Vom Prinzip ist mir der 87 Hz Betrieb klar, ich nehme einen Motor, schließe den in Dreieck an und parametrier die Motorspannung auf 230V. Dadruch kann ich dann über die Reserven des FU´s (von 400V) die U/F Kennlinie weiter nach rechts verschieben (um 1,72) und somit mehr Leistung aus dem Motor ziehen.

Das ich eine 1,72 fachen höheren Strom schon im Nennbetrieb habe durch die Dreieck Schaltung, ist mir auch bewusst. Nur verstehe ich nicht wie sich die Stromaufnahme von 50Hz-87Hz verhält, bleibt die gleich,sinkt oder steigt diese. Ein SEW Techniker hat gesagt der Strom bleibt von 50-87 ungefähr gleich, aber warum? 

Von was hängt die Stromaufnahme ab des Motors ab?
Steigt dann auch das Drehmoment um das 1,72 fache?

Vielen Dank für eure Antworten


----------



## weißnix_ (30 August 2017)

Salzebrezel schrieb:


> Von was hängt die Stromaufnahme ab des Motors ab?
> Steigt dann auch das Drehmoment um das 1,72 fache?
> 
> Vielen Dank für eure Antworten



Das Moment bleibt von ~0...87Hz konstant entsprechend den Nenndaten. Die Stromaufnahme entspricht den Nenndaten für Dreieckbetrieb. Bei Nennbelastung wird der Motor den Nennstrom fordern.
Die 87Hz Schaltung dient dem Zweck, über die Strangspannung den für das Nennmoment erforderlichen Strom gegen die Induktivität des Motors treiben zu können.


----------



## RONIN (30 August 2017)

Ich würd dir dir die paar Seiten nahe legen.
Da sind die Zusammenhänge ganz gut erklärt.
Frage zu Drehstrommotor und 87Hz-Betrieb


----------



## Blockmove (30 August 2017)

weißnix_ schrieb:


> Das Moment bleibt von ~0...87Hz konstant entsprechend den Nenndaten. Die Stromaufnahme entspricht den Nenndaten für Dreieckbetrieb. Bei Nennbelastung wird der Motor den Nennstrom fordern.
> Die 87Hz Schaltung dient dem Zweck, über die Strangspannung den für das Nennmoment erforderlichen Strom gegen die Induktivität des Motors treiben zu können.



Naja das mit dem konstanten Moment würde ich jetzt bei einem normalen Asynchronmotor und einem FU ohne Rückführung nicht unterschreiben.
Die Aussage des SEW-Technikers stimmt schon, denn je höher die Frequenz desto höher auch die Gegen-EMK und die internen Verluste des Motors.
Oberhalb von etwa 70 Hz ist es meist vorbei mit linearen Verhältnissen.

Gruß
Blockmove


----------



## weißnix_ (30 August 2017)

Blockmove schrieb:


> Oberhalb von etwa 70 Hz ist es meist vorbei mit linearen Verhältnissen.



Schon klar.
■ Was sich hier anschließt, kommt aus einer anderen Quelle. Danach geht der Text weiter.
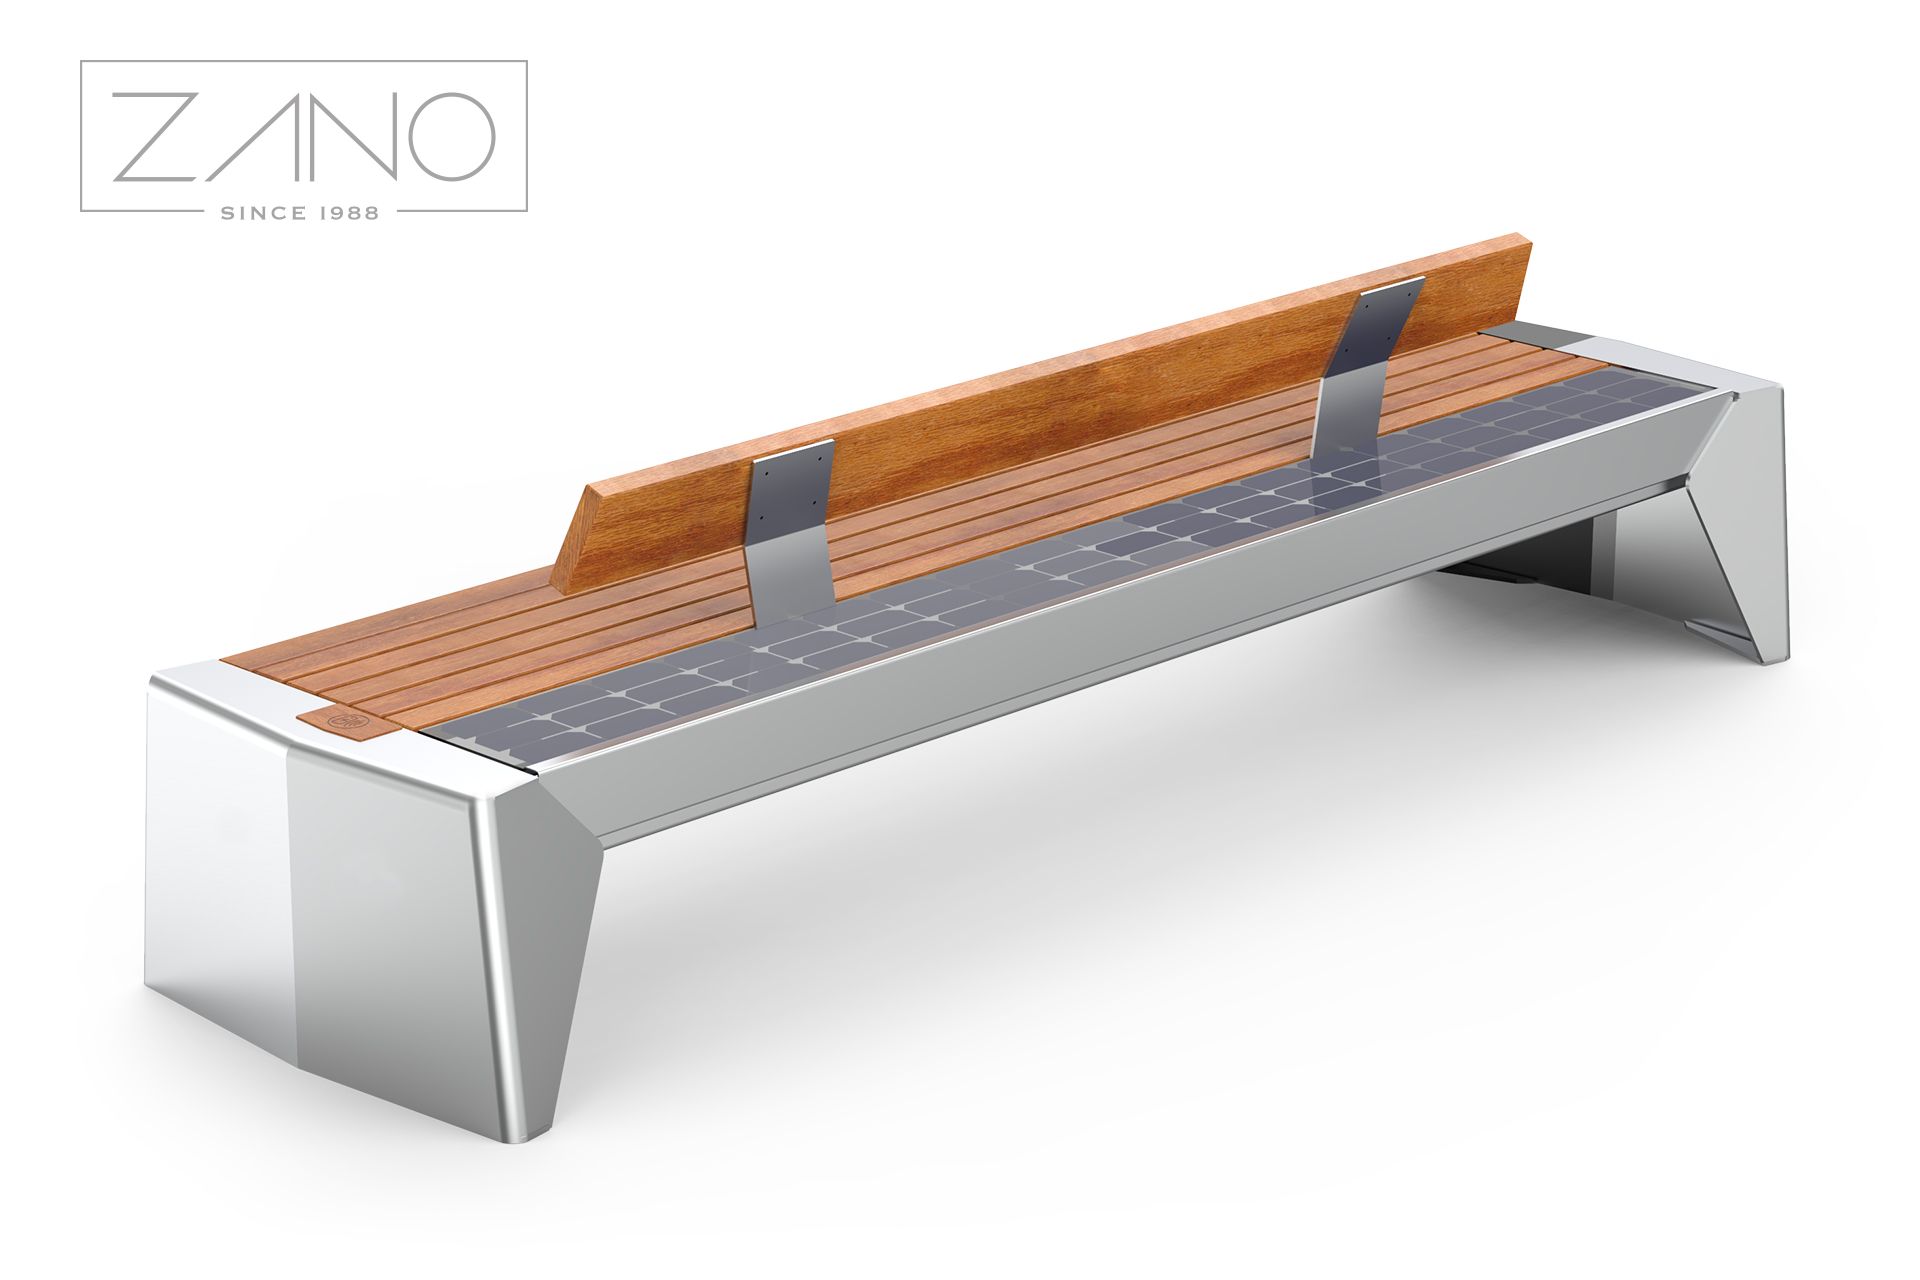 Panchina con pannello fotovoltaico e seduta in legno

Aber in der Praxis genügt diese Annäherung in der Regel.
Für genauere Ansprüche gibt es dann die angepasste U/f-Kennlinie oder umrichterabhängig genauere Regelverfahren.
Unterhalb ~10Hz schlagen die ohmschen Verluste in der Regel auch störend durch.

Ich setze die 87Hz-Schaltung in der Regel zum erweitern des Drehzahlstellbereichs an 2...7 kW Antrieben ein. Die 200kW-Leistungsklasse ist nicht meine Schuhgröße.

Wichtig bei der Schaltung ist die Auslegung des FU nach der Stromaufnahme des Motors und nicht nach der Nennleistung (idR. FU 2 Leistungsstufen größer als der Motor). Aber über die Phase ist der TE ja schon hinweg.


----------



## offliner (31 August 2017)

Die Frage ist hier, ob ein 87Hz Betrieb bei 250kW noch sinnvoll ist. Die Verluste werden irgendwann so groß, so dass der Nutzen sinkt. 
Ich schätze mal, dass der Motor in der Größe noch etwa 300kW bei 87Hz liefern kann, also weit entfernt vom Faktor Wurzel 3. 
Der Motor wird dann bei 50Hz eine Spannung von 230V sehen und bei 87Hz eine Spannung von 400V (in Dreieck geschaltet).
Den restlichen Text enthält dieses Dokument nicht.